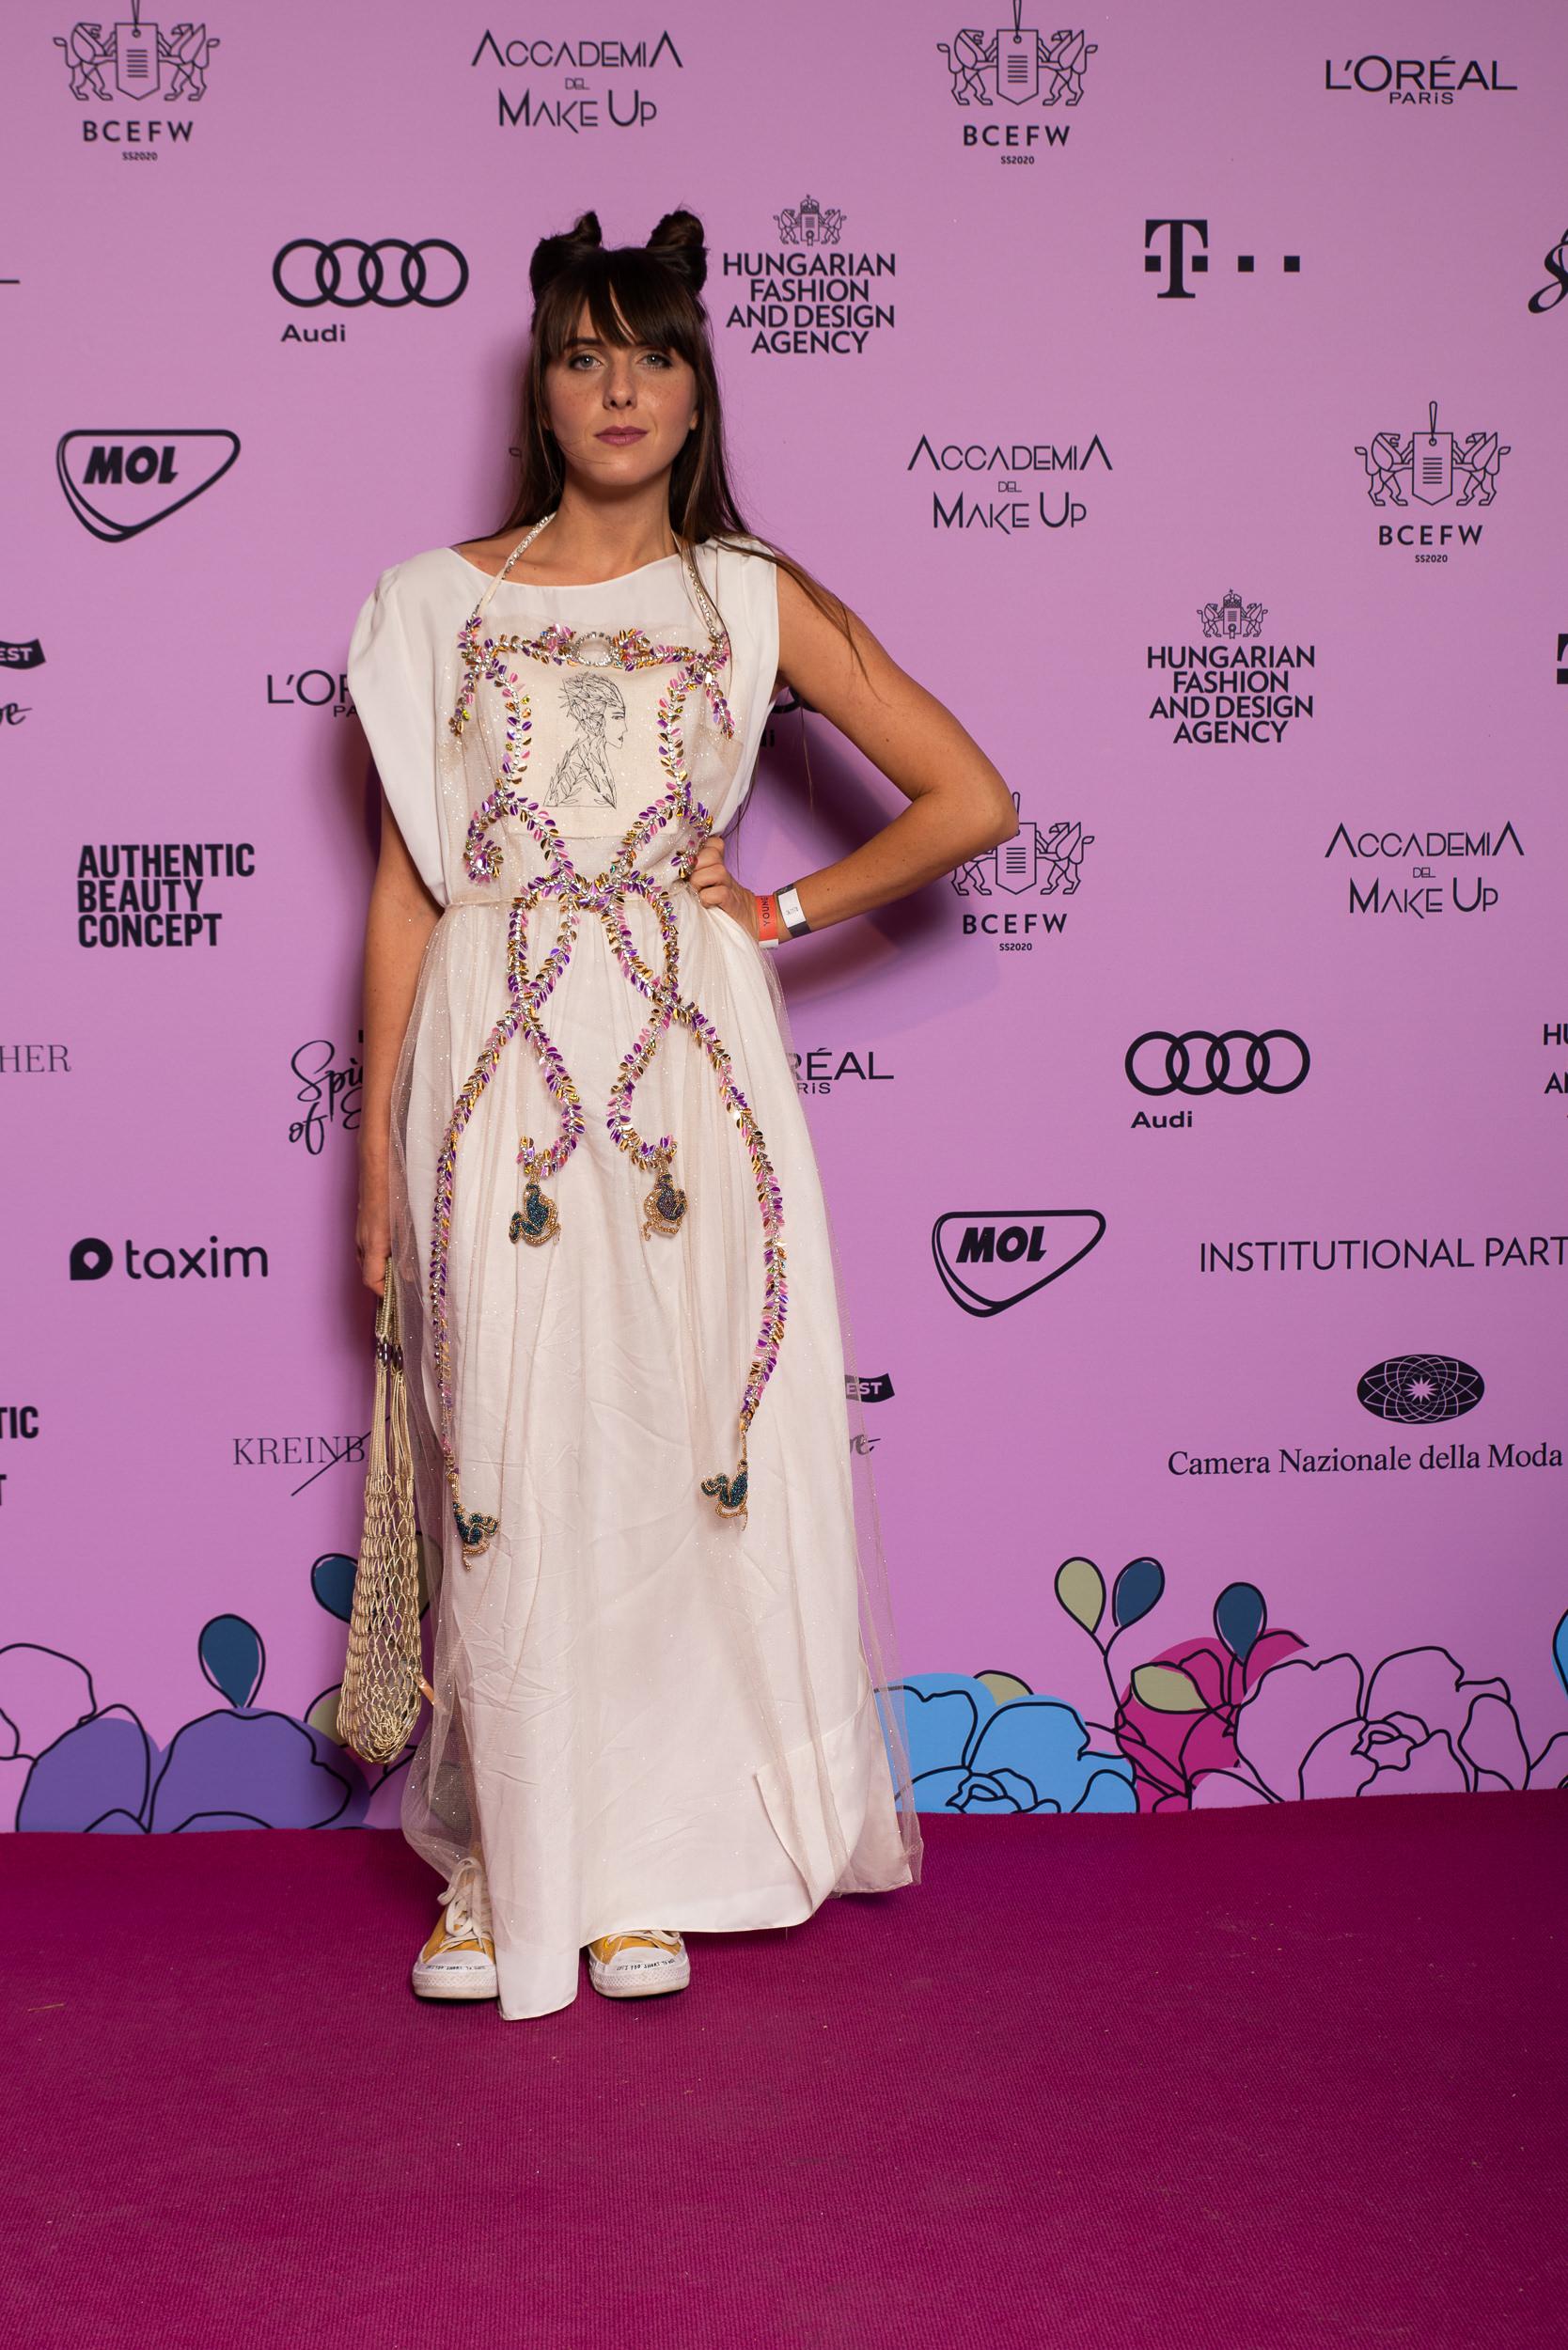 Eke Angi Je Suis Belle ruhát vett fel a Young Talents show-ra
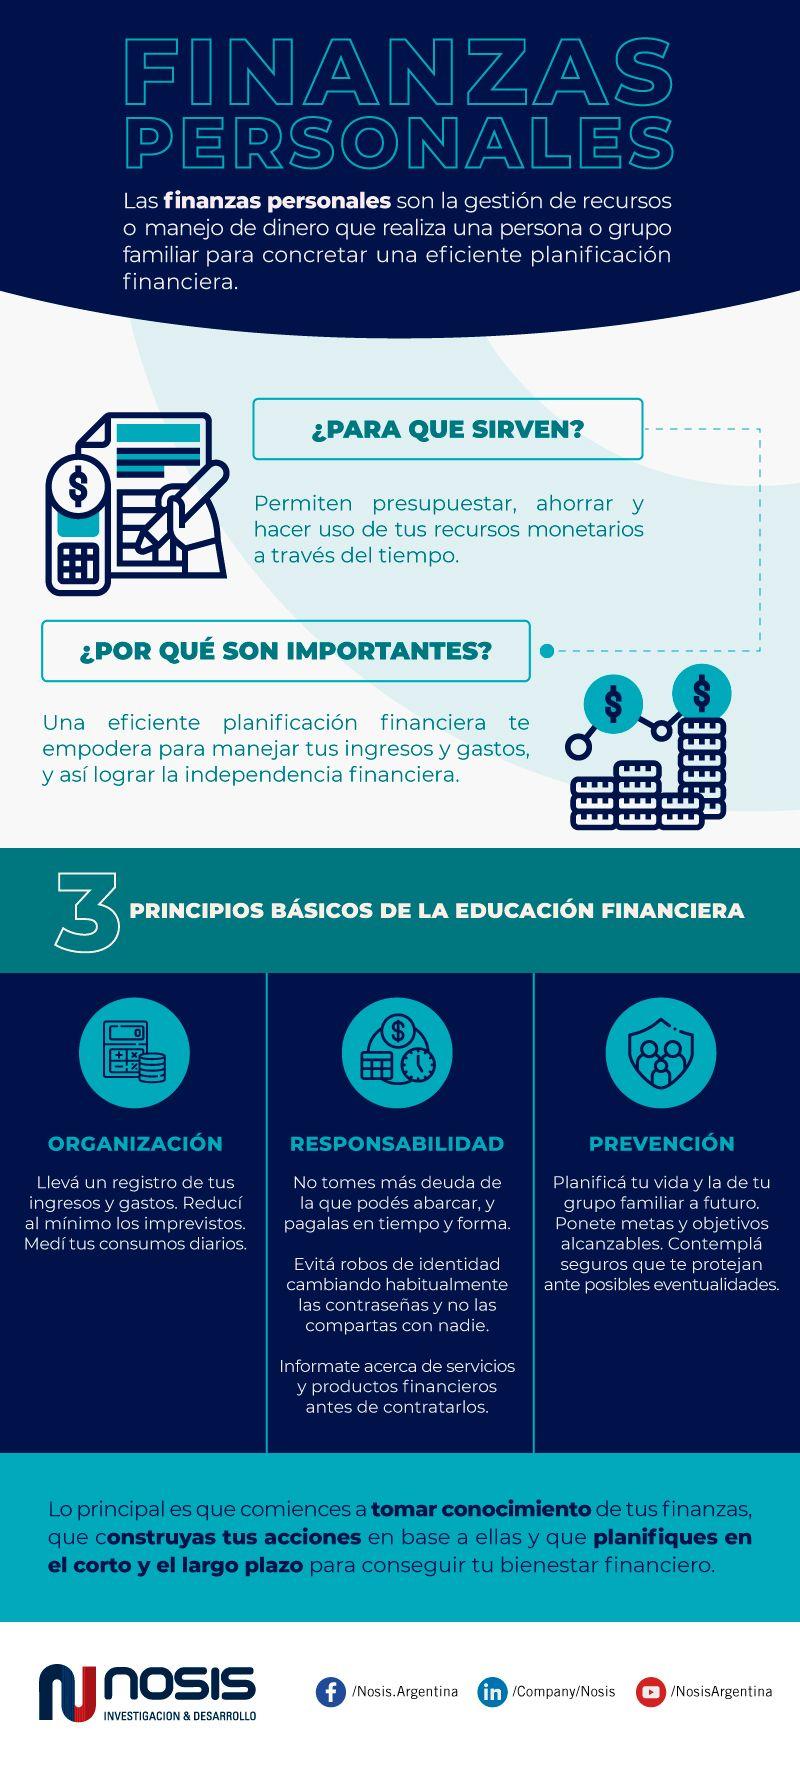 Infografía Educación financiera y finanzas personales.
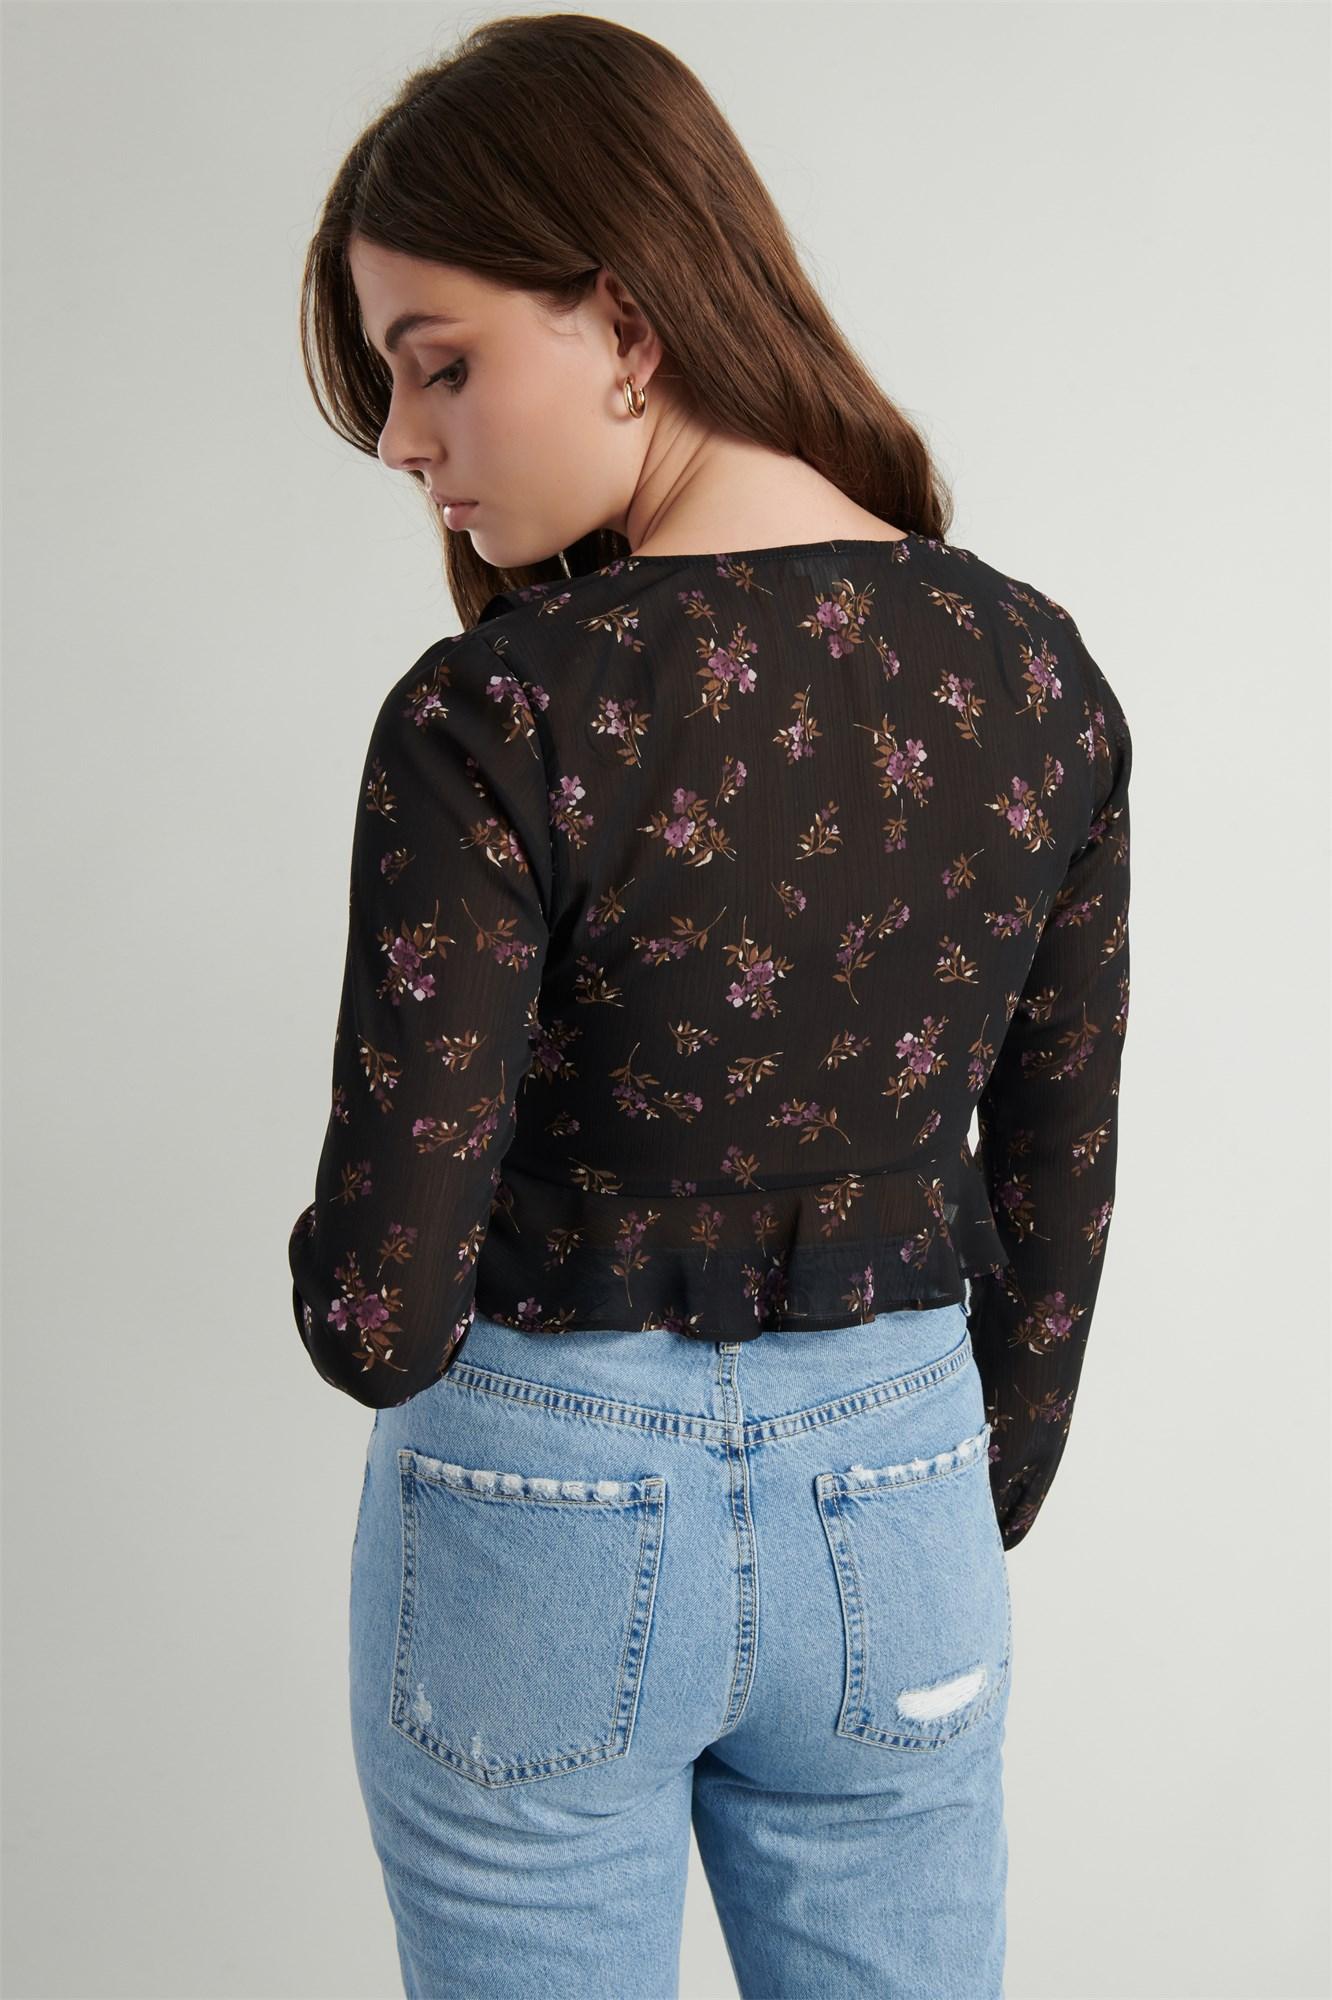 Image 5 of Chiffon Ruffle Shirt
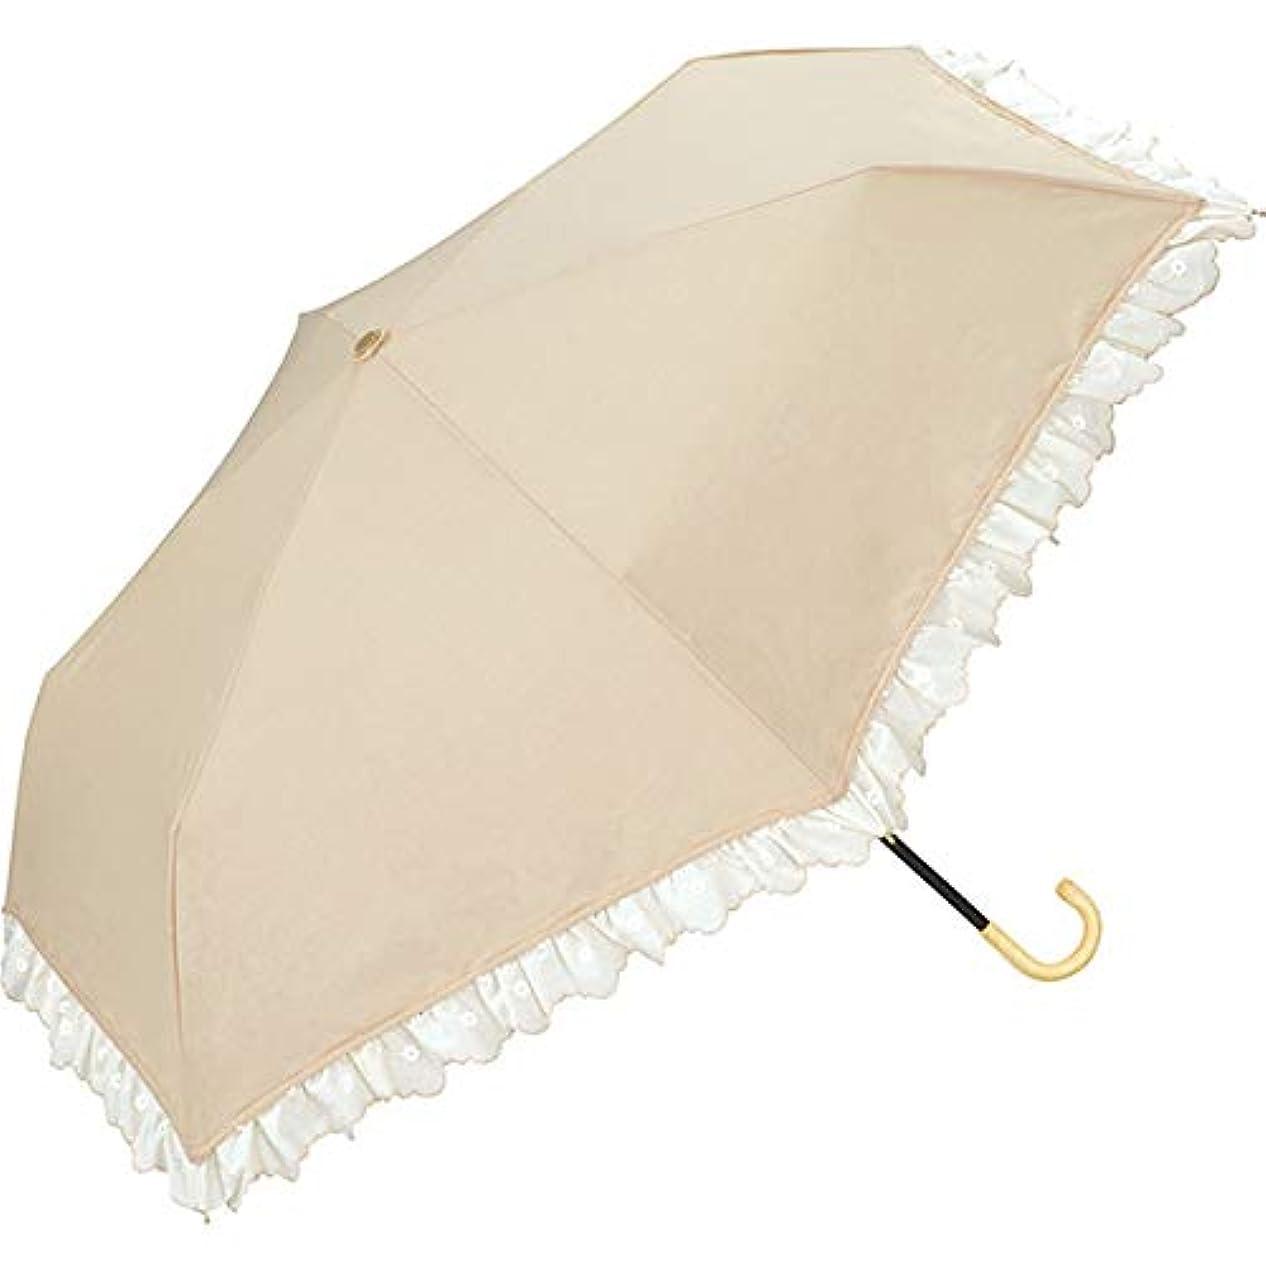 地域のペア農業ワールドパーティー(Wpc.) 日傘 折りたたみ傘 白 50cm レディース 傘袋付き ラインフラワー刺繍ミニ 801-8577 OF

Task objective – The listing above must be printed again exactly, minus its pictures.

Task answer –
 Eke Angi Je Suis Belle ruhát vett fel a Young Talents show-ra
 Infografía Educación financiera y finanzas personales.
 Image 5 of Chiffon Ruffle Shirt
 地域のペア農業ワールドパーティー(Wpc.) 日傘 折りたたみ傘 白 50cm レディース 傘袋付き ラインフラワー刺繍ミニ 801-8577 OF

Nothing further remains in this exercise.